Dental hygienists have the responsibility of coaching athletes, who must be able to perform without complications from poor oral health.
Editor's note: This article was published in the January/February 2024 print edition. RDH magazine. Dental hygienists in North America are eligible for a free print subscription. Sign up here.
References
- Needleman I, Ashley P, Fine P, et al. Oral health and elite sports performance. Br J Sports Med. 2015;49(1):3-6. doi:10.1136/bjsports-2014-093804
- Khan K, Kadir A, Trackman G, and other elite athletes' consumption of sports drinks and energy drinks, oral health issues, and effects on performance. nutrients. 2022;14(23):5089. Published November 30, 2022. doi:10.3390/nu14235089
- Kragt L, Moen MH, van den Hoogenband CR, Walvius EB. Oral health of Dutch elite athletes before Rio 2016. physics sports med. 2019;47(2):182-188. doi:10.1080/00913847.2018.1546105
- Azeredo FN, Guimarães LS, Ruiz W, Fialulho S, Alves-Antunes LA, Antunes LS. Estimating dental caries prevalence in athletes: an epidemiological systematic review and meta-analysis. Indian J Dent Less. 2020;31(2):297-304. doi:10.4103/ijdr.IJDR_764_18
- Gallagher J, Ashley P, Petrie A, Needleman I. Effects on oral health and performance in elite and professional athletes. Community Dent Oral Epidemiol. 2018;46(6):563-568. doi:10.1111/cdoe.12392
- Mahr CL, Richter L, Charak N et al. Orofacial status and oral health behaviors in young athletes: A comparison of amateur and competitive sports. Scand J Med Sci Sports. 2022;32(5):903-912. doi:10.1111/sms.14143
- de Queiroz Gonçalves, PHP, Guimarães, LS, de Azeredo, FNA other. Prevalence of dental erosion in athletes and its relationship with isotonic drinks: a systematic review and meta-analysis. Sports Science Health 16, 207–216 (2020). https://doi.org/10.1007/s11332-020-00624-8
- Nascimento BL, Zen IR, DeMenci LS, Mazetto NC, Spada PP. Triathlon athletes' knowledge of the relationship between oral health and performance. R.S.B.O. 2015:12(4),352-355.

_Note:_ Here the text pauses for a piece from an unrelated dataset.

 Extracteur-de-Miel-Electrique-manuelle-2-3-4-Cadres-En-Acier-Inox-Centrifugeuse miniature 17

- Athletes and their oral health. Century Dental. September 20, 2022. www.centurydental.org/athletes-and-their-oral-health
- Tanabe Ikegawa M, Takahashi T, Tadanori H, Mitsuyama A, Ueno T. Interactive effects of dilute sports drink hydration and water gargles on salivary flow, pH, and buffering capacity during ergometer exercise in young adult volunteers. J Oral Science. 2018;60(2):269-277. doi:10.2334/josnusd.17-0183
- Moore AB, Calleros C, Aboytes D. Oral health risks posed by swimming. Dental hygienist dimensions. 2018;16(8):45-48.

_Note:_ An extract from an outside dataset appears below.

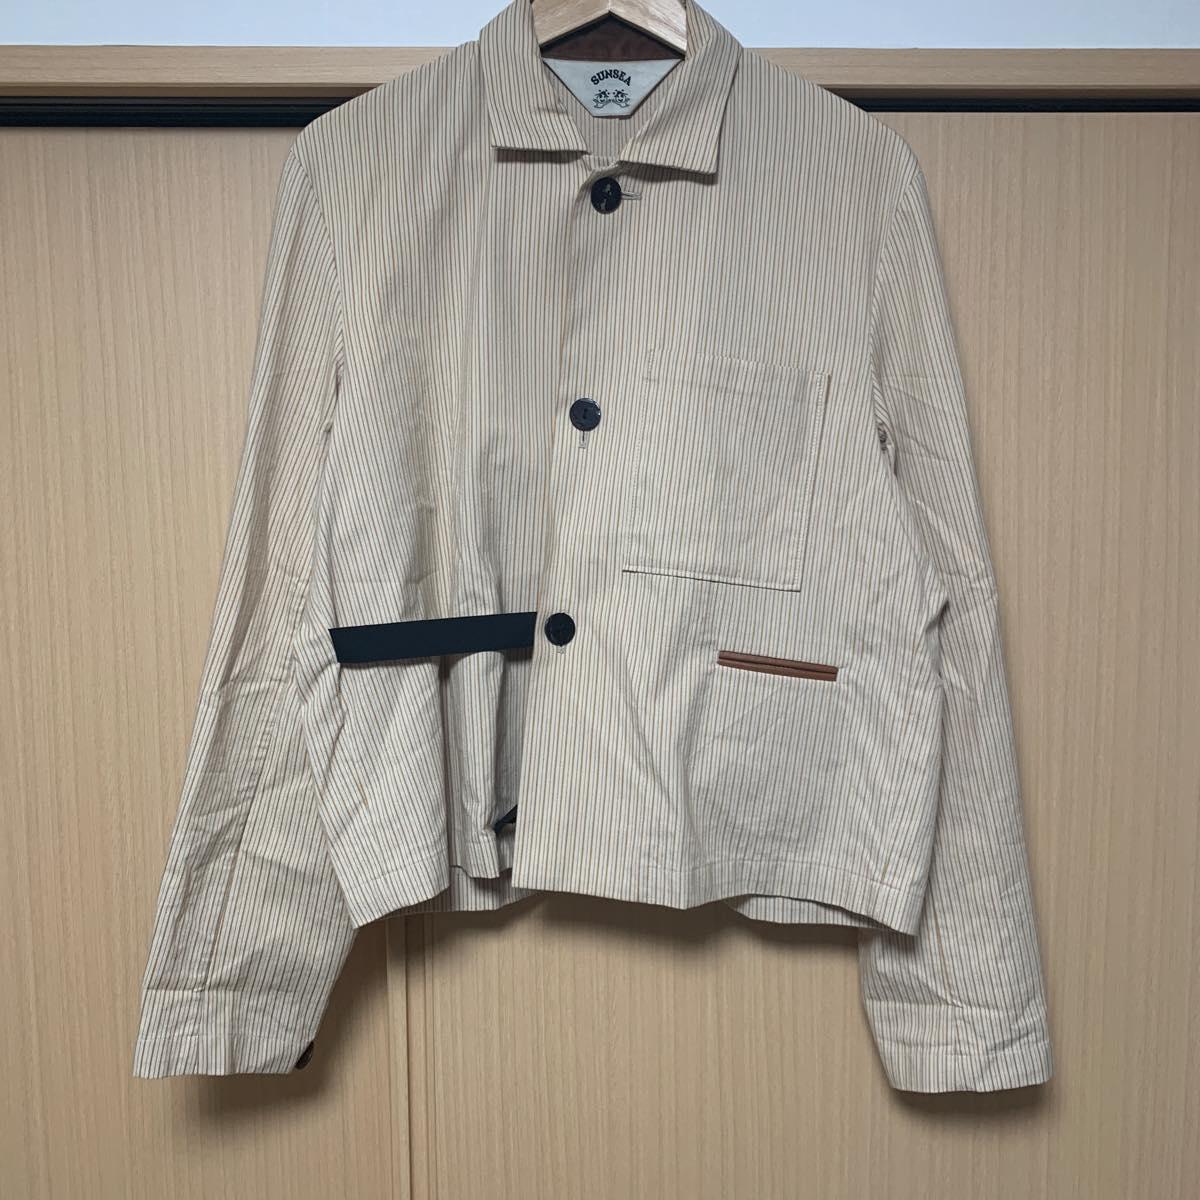 SUNSEA(サンシー) BUENA VISTA Stripe Jacket

- A study by Race R. found that swimmers were six times more likely to see dirty teeth. swim swim. August 11, 2021. swimswam.com/study-finds-swimmers-six-times-more-likely-to-see-stained-teeth
- Strauss R. Are you a frequent swimmer? Your oral health may deteriorate further. Oral health group. December 23, 2022. www.oralhealthgroup.com/features/frequent-swimmer-your-oral-health-may-be-grimmer
- Dufour AP, Behimer TD, Cantu R, Magnuson M, Weimer LJ. Ingestion of pool water by recreational swimmers. J Water Health. 2017;15(3):429-437. doi:10.2166/wh.2017.255
Sherry Basham, MSDH, RDH He received degrees from Northern Arizona University and Old Dominion University. Sherry is an active member of the Virginia Dental Hygienists Association and serves as a liaison between VDHA and the Virginia Association of Free and Charitable Clinics. She is a public health advocate and passionate about building health awareness in her community. She and her husband are avid runners and enjoy traveling to various races.